The game’s free because you’re tempted into buying special gems as in app purchases using real money. These grant you an extra life or a power boost but neither is necessary to do well in the game. You can also buy gold with real money, rather than just collecting it, if you’re so minded.

To level up and unlock new powers you can also complete special in game ‘challenges’, which are basically console style Achievements/Trophies. Very few of the challenges require you to anything you weren’t already doing though, so you unlock most of the stuff without even really realising.
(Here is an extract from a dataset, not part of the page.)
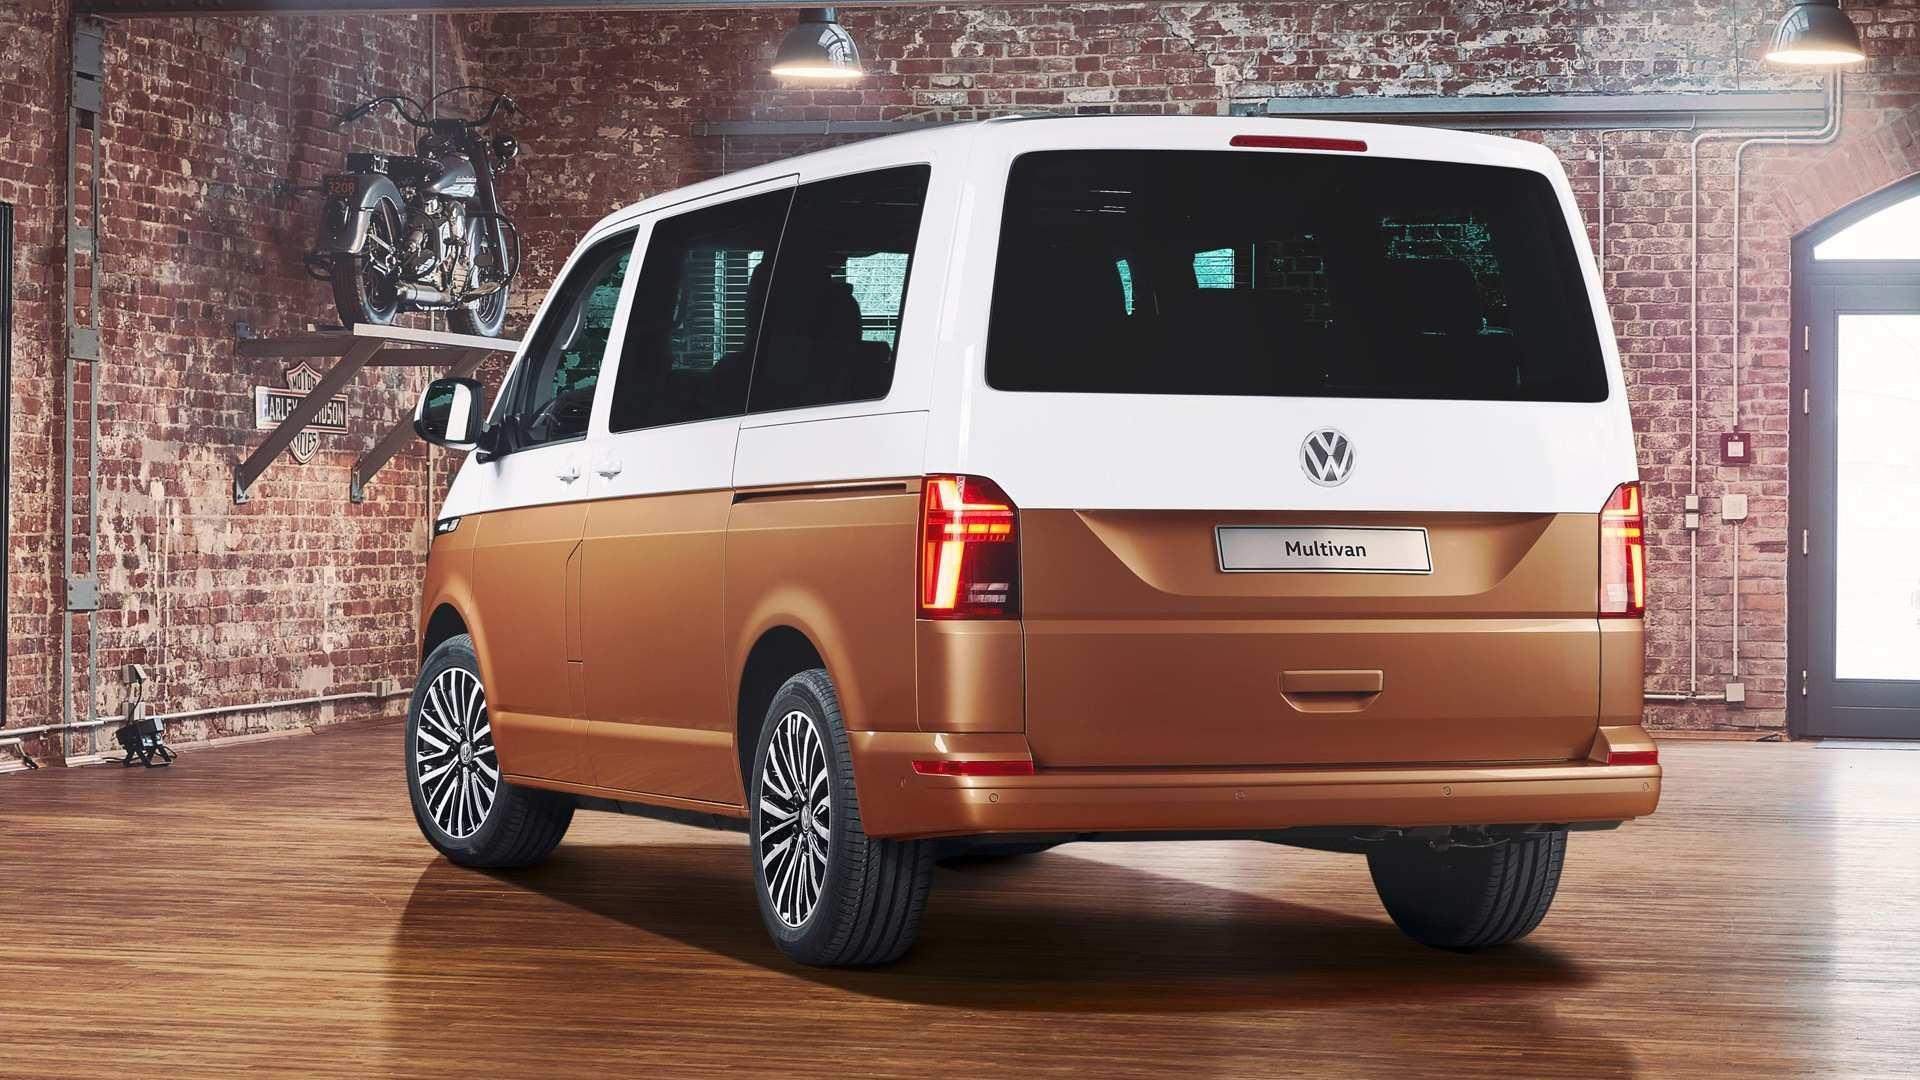 18 Concept of Volkswagen Transporter 2020 New Concept for Volkswagen Transporter 2020

Whether you spend any money playing Temple Run 2 is entirely your own decision, but since it is technically free the fact that it’s almost exactly the same game, just with better graphics, is far less of a problem than it might have been.

Rayman Jungle Run is still a better game, and a better looking one too, but as instant action mobile gaming goes Temple Run 2 just about keeps pace with its rivals.

In Short: Whether it justifies Air Jordan 5s all 170 million of its downloads is open to question but there’s no denying this sequel is prettier and even more addictive than the original.

Pros: A simple but endlessly addictive premise, with greatly improved visuals over the original. In app purchases are surprisingly non exploitive. It’s free.

Cons: The gameplay is almost identical to the original, and the idea has been done better by others. Bland art design.